The Frankfurt School a.k.a. Institute for Social Research

These are just a bunch of crazy kids trying to resolve the problems of their mixed-up world through Marxism. An intellectual bunch, this crowd doesn't share a whole lot of chuckles—what with being up against fascists and all. The Frankfurt School isn't just about the working class problem and the mess that is the Communist Party. No—this is some high-falutin' stuff. They are drawn to the ideological, academic dilemmas of neo-Marxist thought, often bandying about the ideas of Marx and Kant and engaging in cross-disciplinary discussions of social control, social theory, and the evils of capitalism. Study hall, anyone?

Max Horkheimer

President

Don't let his name fool you. This guy is as serious as a heart attack when it comes to a good debate. He wants nothing to do with the working class, which may seem odd for a card-carrying Marxist, but he simply cannot imagine these people really affecting the kind of change he is calling for. Max is a real theory-head and has a tendency to keep discussions in the abstract realm.

Herbert Marcuse

Media Expert 

Talk about a man with early insights. It's almost like this guy has a freakin' crystal ball. His bailiwick was Marxist Media Theory, and boy did he nail it. He had the long view of the seductions and misinformation machine of modern media—and we're not talking about the campaign of propaganda for sugar cereals that dominates Saturday morning cartoons.
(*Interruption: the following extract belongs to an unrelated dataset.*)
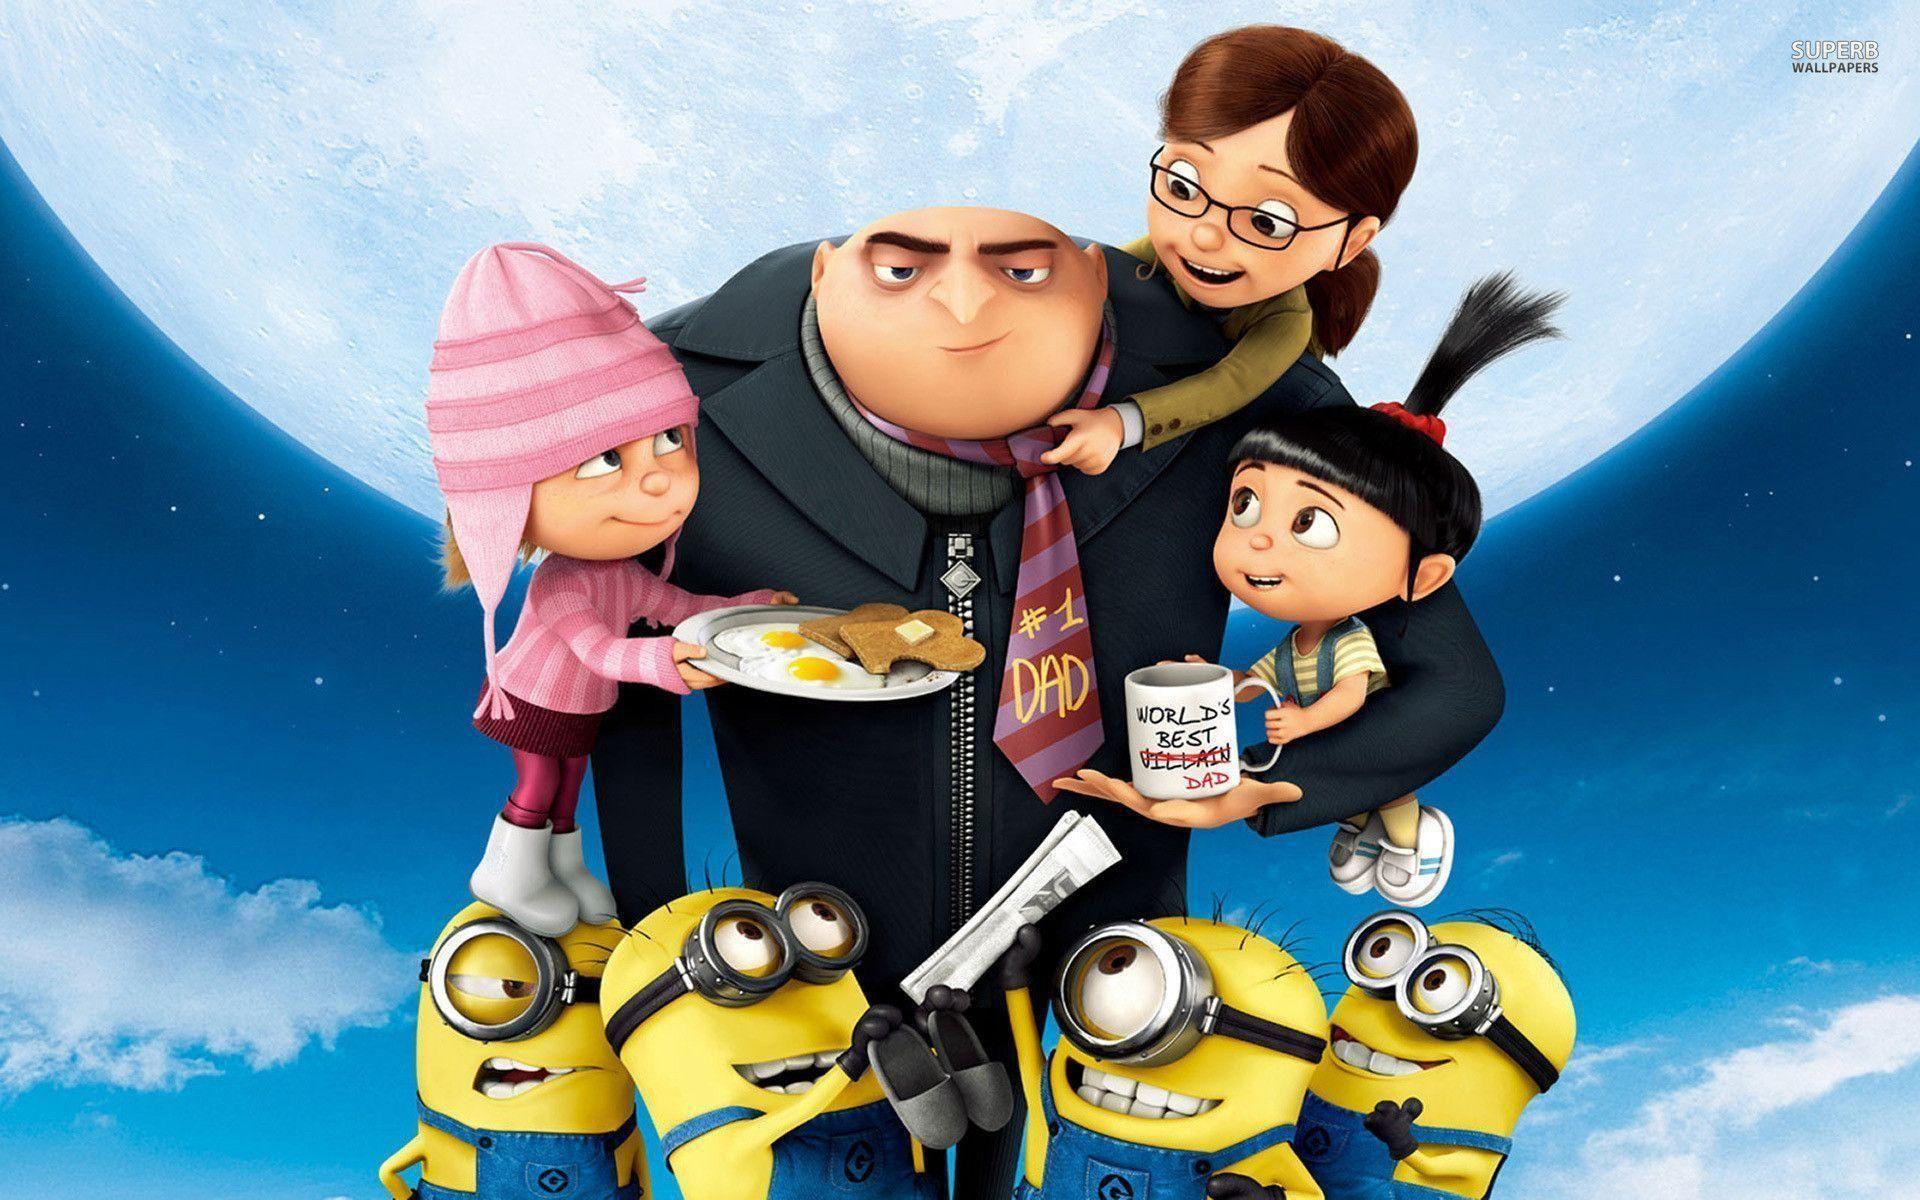 Despicable me 3  Gru and the minions 4K wallpaper download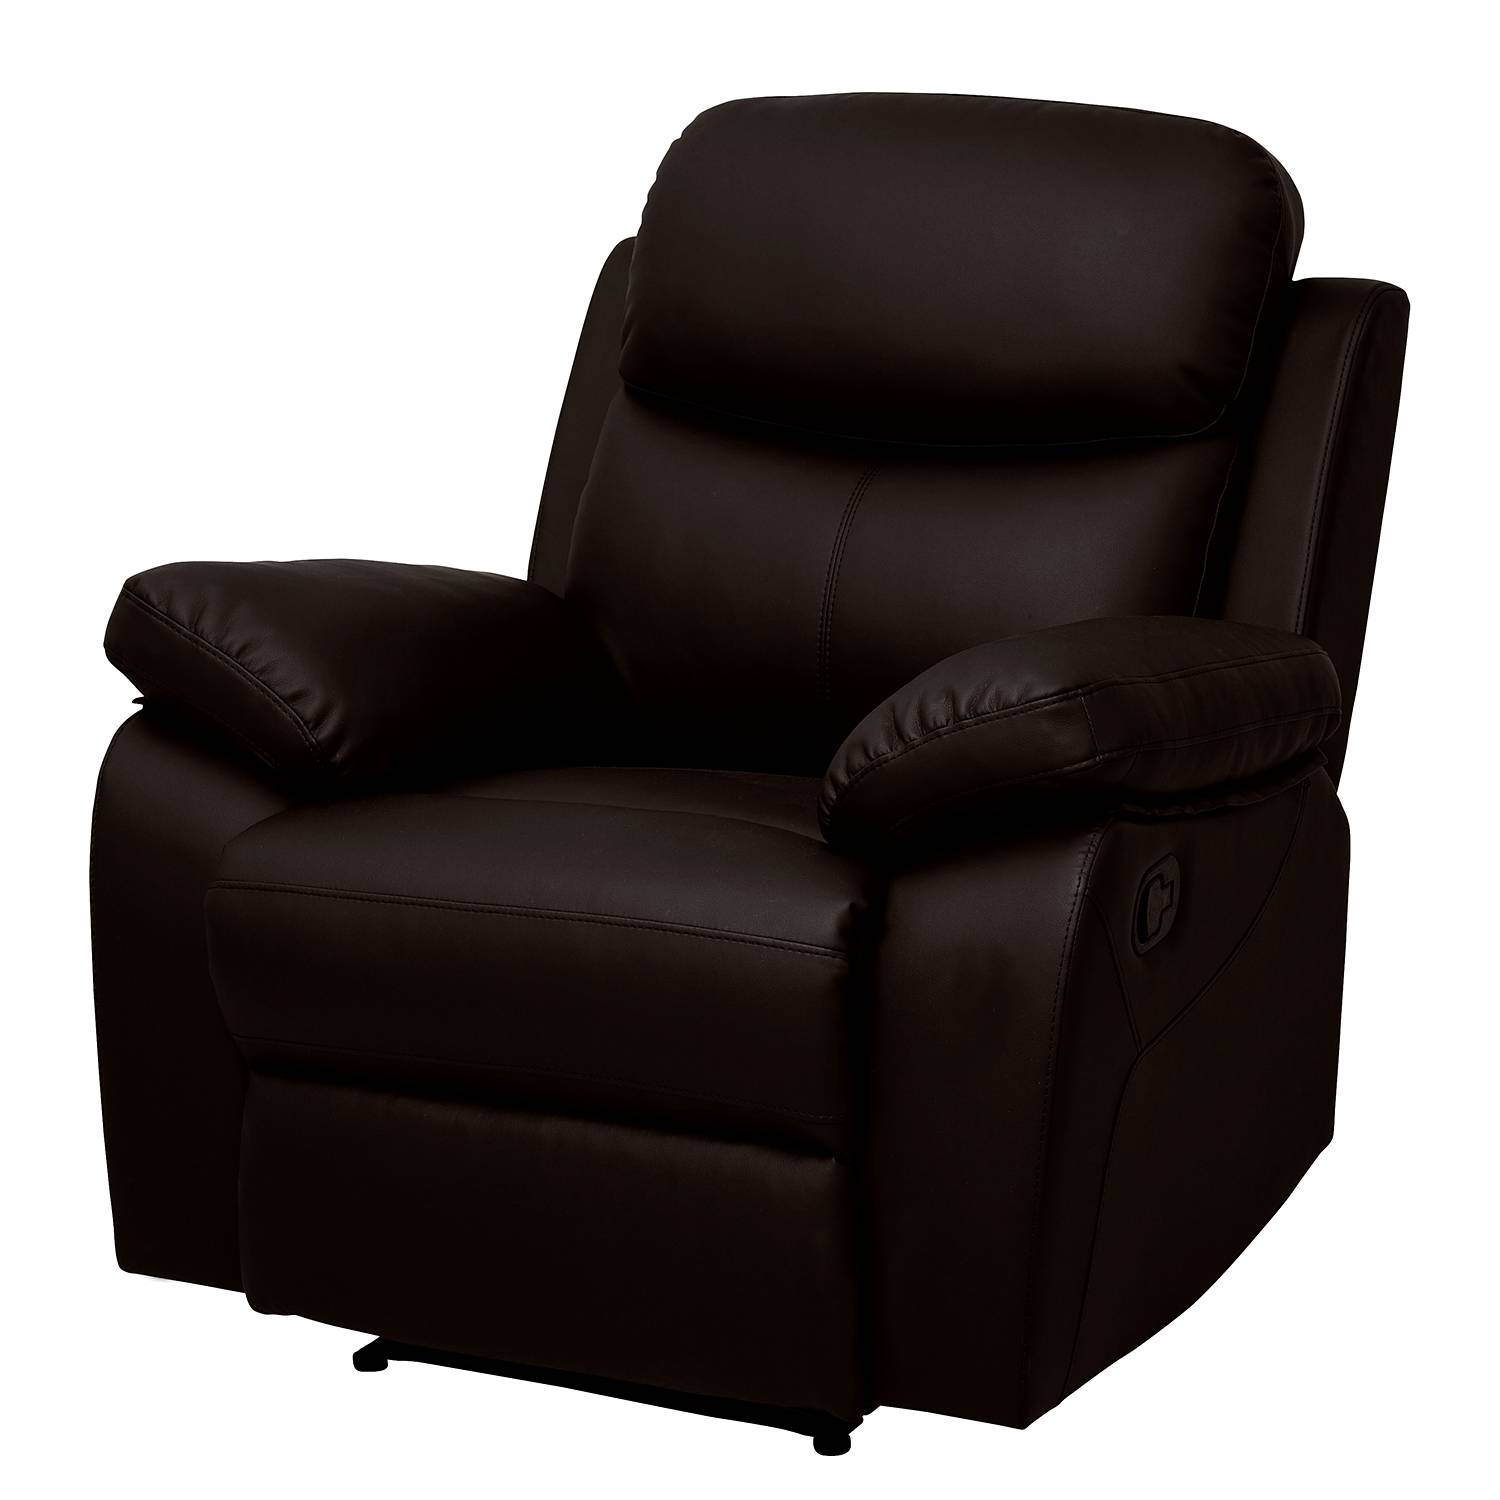 Home24 Relaxfauteuil Tetchill, Modoform

Marcuse put communication in the crosshairs, declaring, "the irresistible output of the entertainment and information industry carry with them prescribed attitudes and habits, certain intellectual and emotional reactions which bind the consumers […] The products indoctrinate and manipulate; they promote a false consciousness which is immune against its falsehood […] Thus emerges a pattern of one-dimensional thought and behaviour" (source). So we are talking about some serious mind melding. He really keeps the School up to speed on all of the ways the people are being mesmerized by the man.

Walter Benjamin

Affiliate

Benjamin isn't one of the founders; he is what you might call a "loose affiliate." Of course his essay "The Work of Art in the Age of Mechanical Reproduction" gives him significant cred in the group—what with its penetrating insights into the powers of new media to enact revolutionary social change. He has a slightly more positive outlook on the whole media thing, because where Marcuse sees new media as a mind-numbing industry, he kind of thinks that film and photography hold promise for freeing the viewer to form opinions outside of the mystifications of traditional art and aesthetics.